Il s'agirait de mettre en place, pour les particuliers, l'équivalent du programme expérimental (6 millions de francs en 2000 et en 2001 et à peu près autant en euros pour 2002) géré par le ministère de l'Aménagement du Territoire et de l'Environnement qui subventionne à hauteur de 50 % les travaux de prévention et de réduction de la vulnérabilité engagés par les collectivités locales. En 2000, 23 dossiers de collectivités locales ont été subventionnés pour un montant total de 4,5 millions de francs ; en 2001, 20 dossiers ont été subventionnés jusqu'à présent, pour un montant provisoire de 1,8 million de francs mais la prévision de dépense devrait s'établir à la fin de l'année autour de 3 millions de francs.

Proposition n° 30 : Poursuivre le recensement des bonnes pratiques en matière de construction face au risque d'inondation. Engager une démarche de certification et subventionner les travaux correspondants sur le budget de l'Agence nationale pour l'amélioration de l'habitat (ANAH).

* 83 M. Thierry Franck, sous-directeur chargé des assurances au ministère de l'économie, des finances et de l'industrie, entendu par la commission d'enquête a estimé qu'une telle réforme contreviendrait au principe de solidarité nationale et que le nombre relativement faible de sinistres ne permettrait pas l'élaboration d'un système fiable et juste, sauf à prévoir des règles complexes et susceptibles d'entraîner des frais de gestion élevés.
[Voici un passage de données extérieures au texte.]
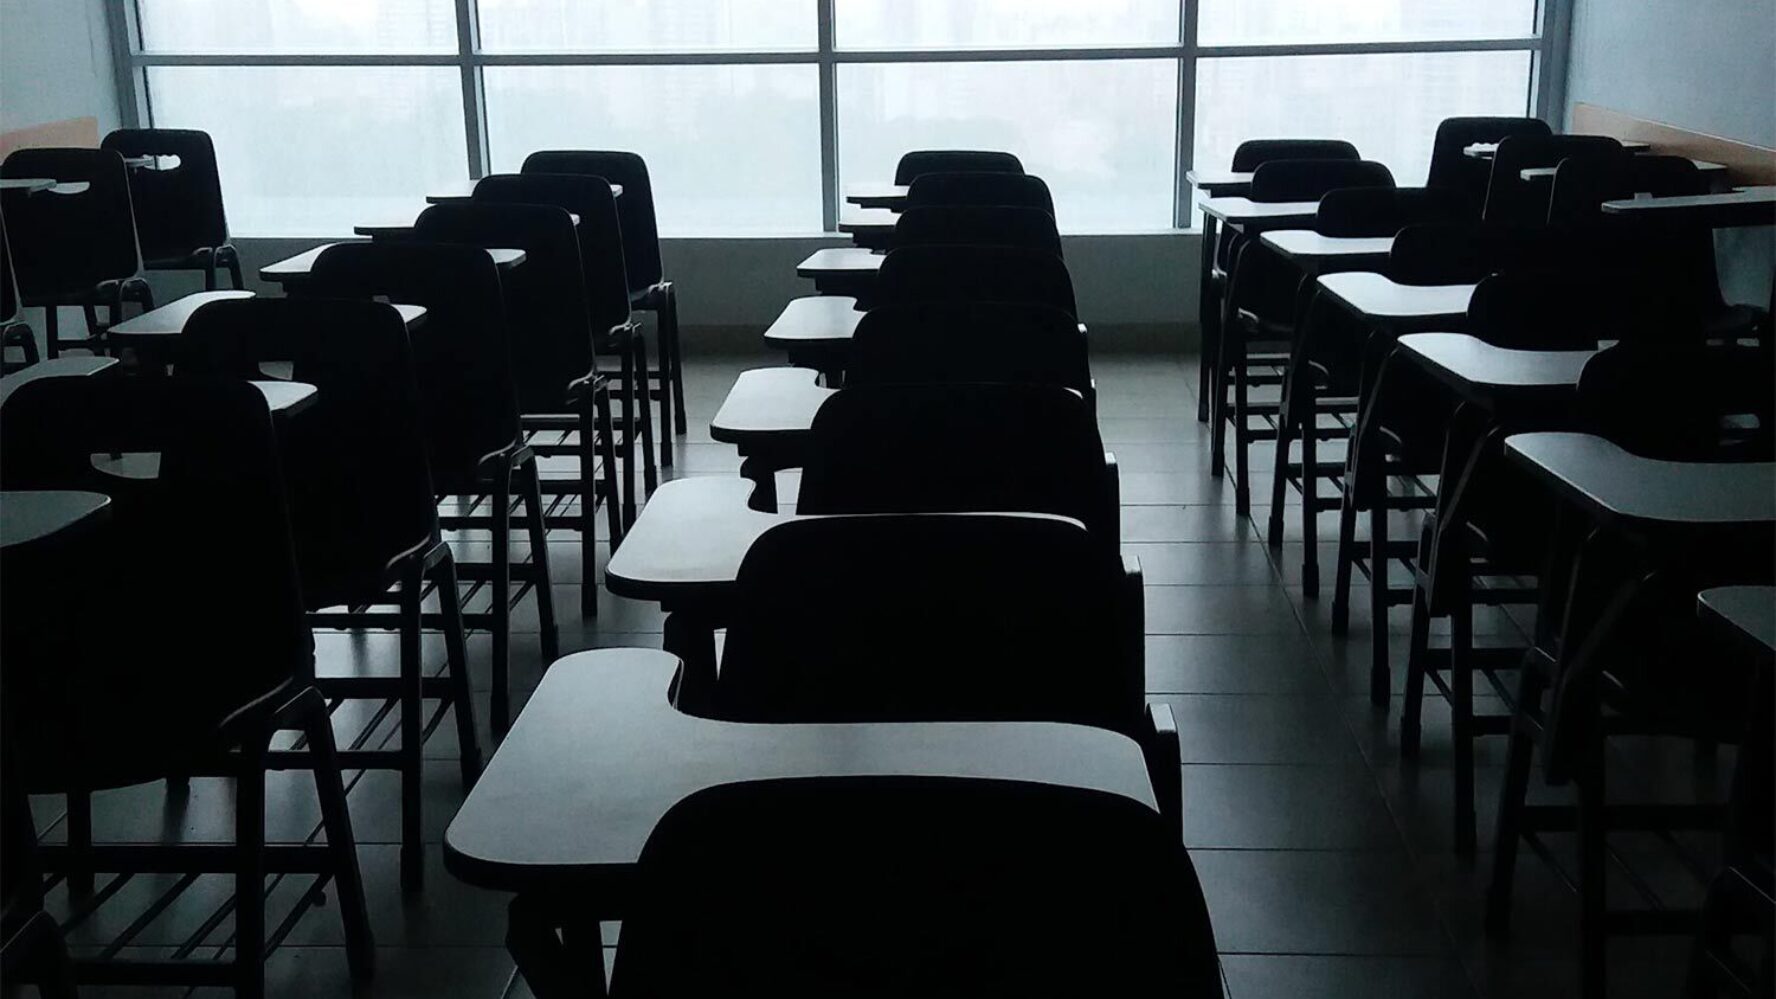 Rows of tables in an empty classroom
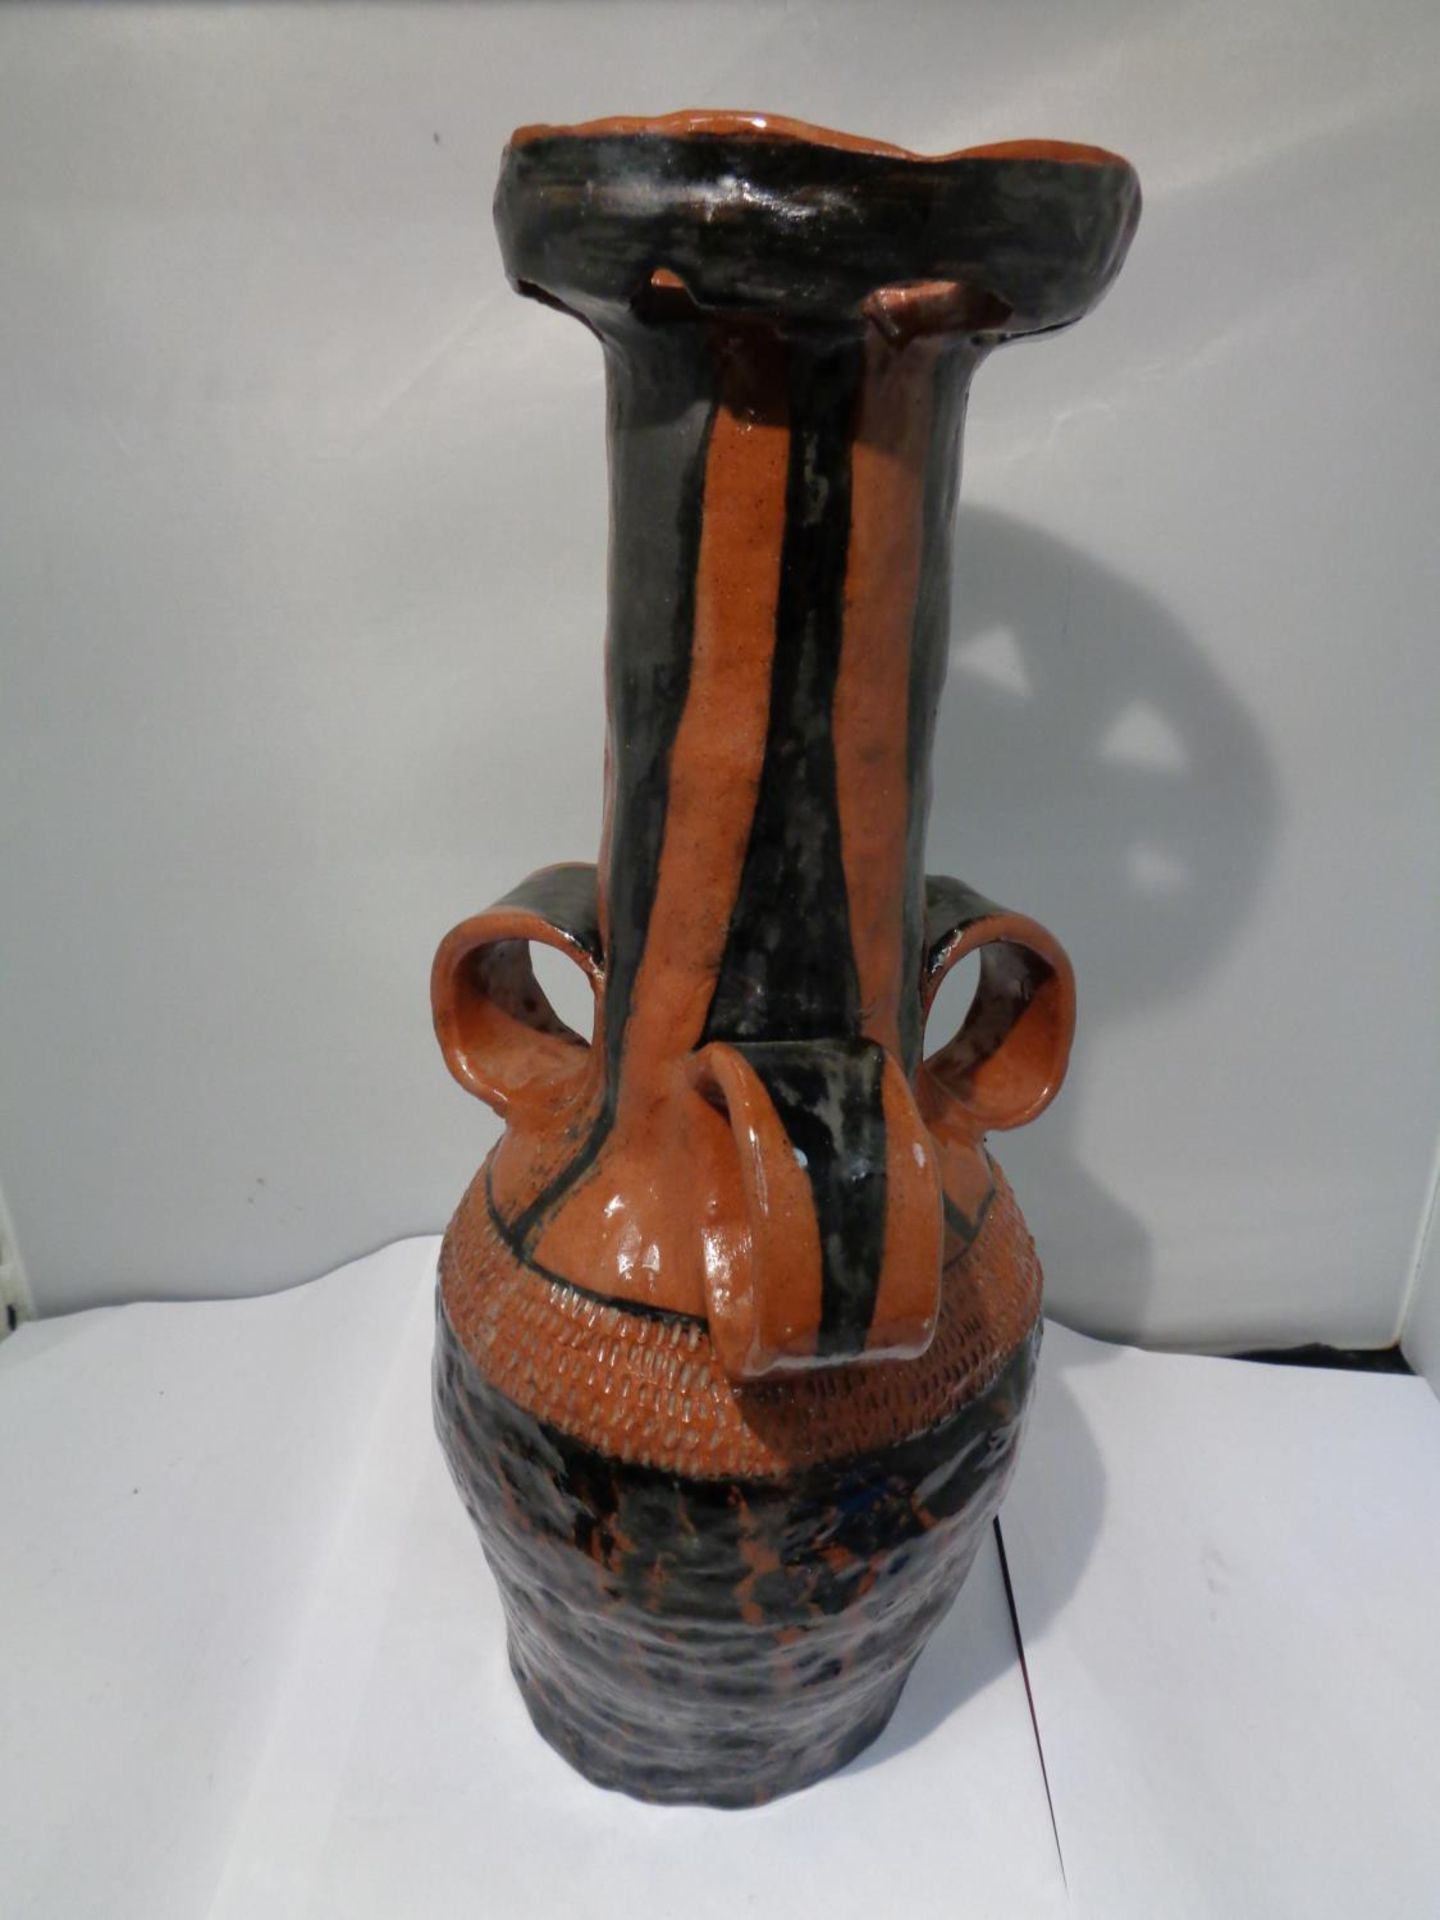 A LARGE MIDDLE EASTERN, POSSIBLY TURKISH, POTTERY TRI HANDLDED WINE VESSEL, HEIGHT 39 CM - Image 2 of 2

* 84 C'est ce qu'a indiqué M. Jean-Marc Lamère, délégué général de la Fédération française des sociétés d'assurance à votre commission : « Il faut bien voir (...) que le taux de la surprime catastrophe naturelle représente 12 %. Par conséquent, quand bien même modulerait-on, en passant par exemple de 12 à 15 %, cela ne représenterait en réalité qu'une très petite somme qui, bien sûr, serait tout à fait insuffisante pour responsabiliser les entreprises » .

* 85 Proposition faite par M. Yves Dauge entendu par votre commission le 27 juin 2001 : « Nous pensons qu'il faudrait dire aux gens pour être couverts une seconde fois qu'ils doivent avoir entrepris des travaux pour diminuer leur vulnérabilité » .

* 86 Décret n° 95-1089 du 5 octobre 1995 relatif aux plans de prévention des risques naturels prévisibles.